DATASET EXTRACT
+-------+
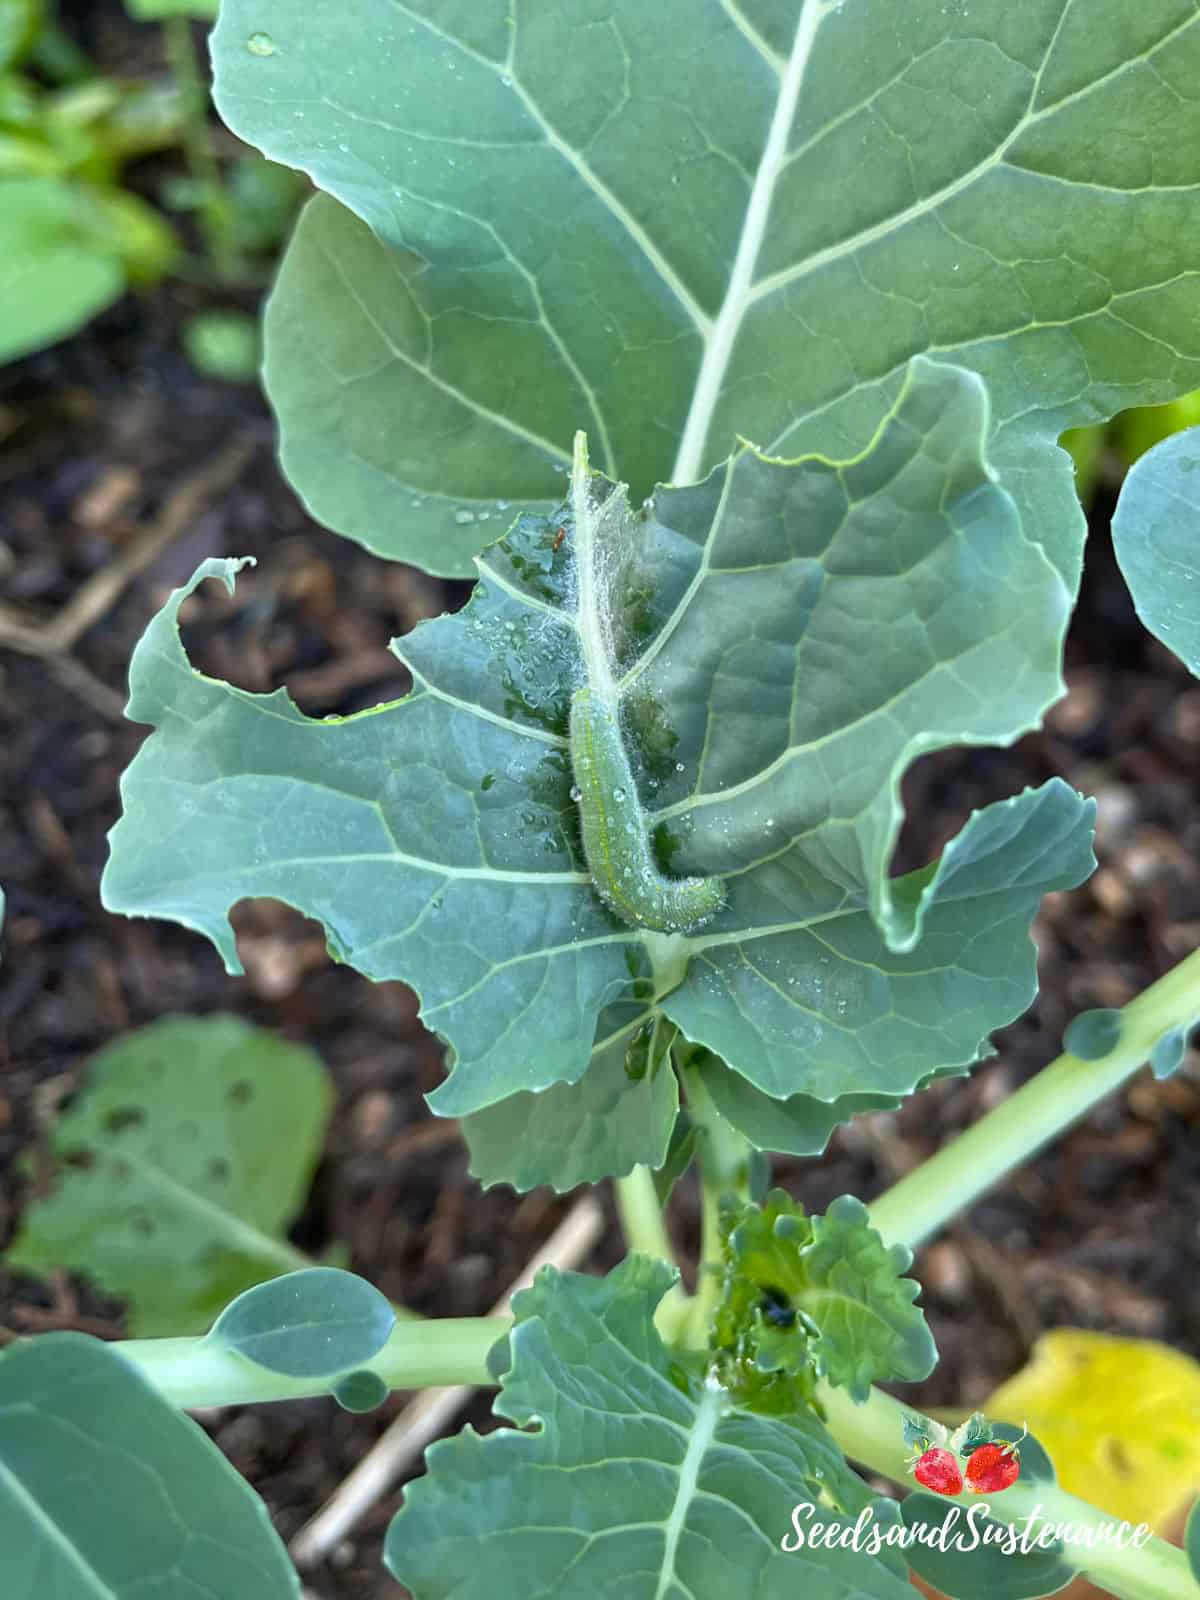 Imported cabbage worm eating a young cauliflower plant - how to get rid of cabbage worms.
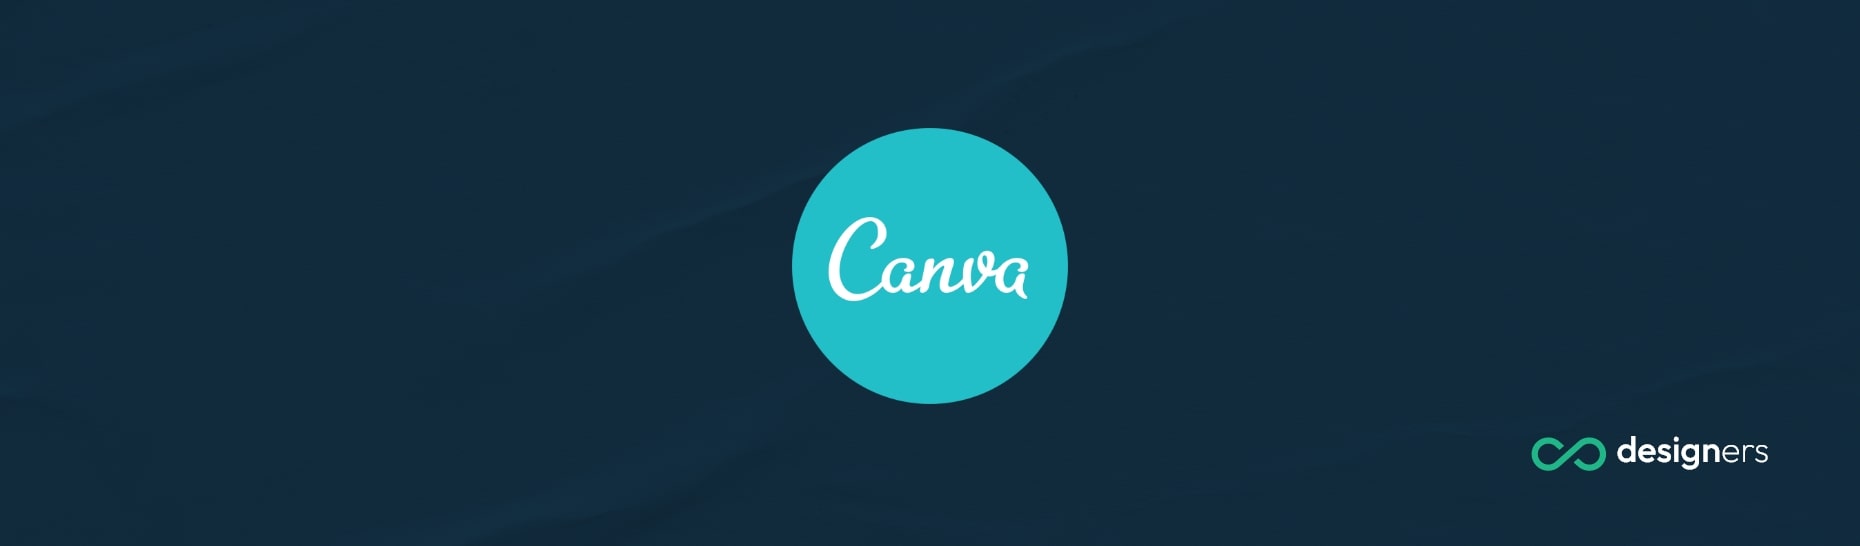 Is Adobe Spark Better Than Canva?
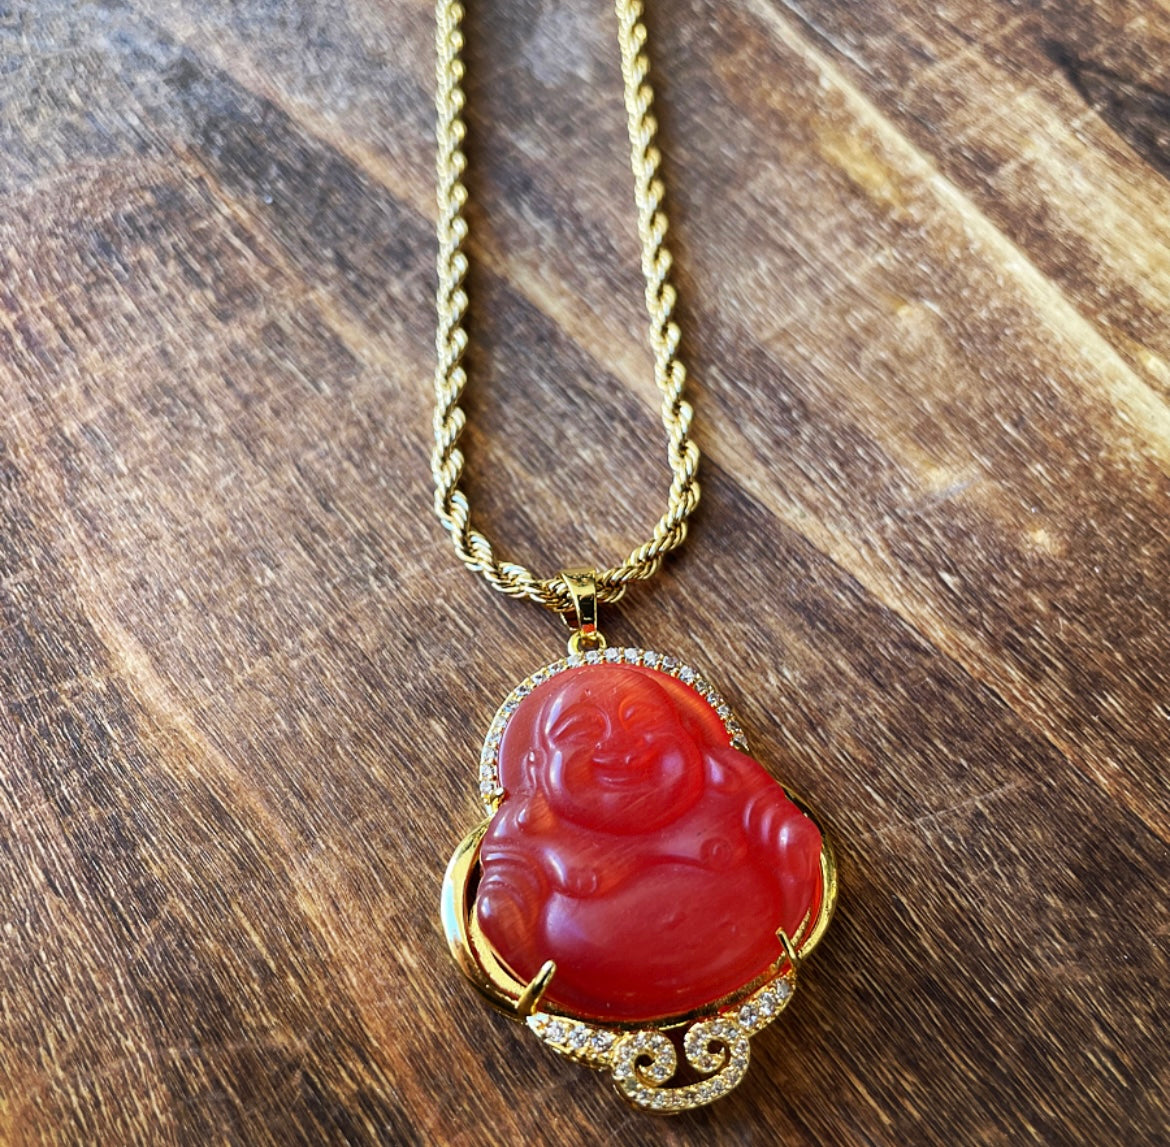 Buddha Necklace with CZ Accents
+-------+
TASK DESCRIPTION
Set down exactly, from the line that contains "Is Adobe Spark Better Than Canva?" through the last line of the data, each line as it stands, and leave the pictures out.

RESPONSE TO THIS EXERCISE
 Is Adobe Spark Better Than Canva?
 Buddha Necklace with CZ Accents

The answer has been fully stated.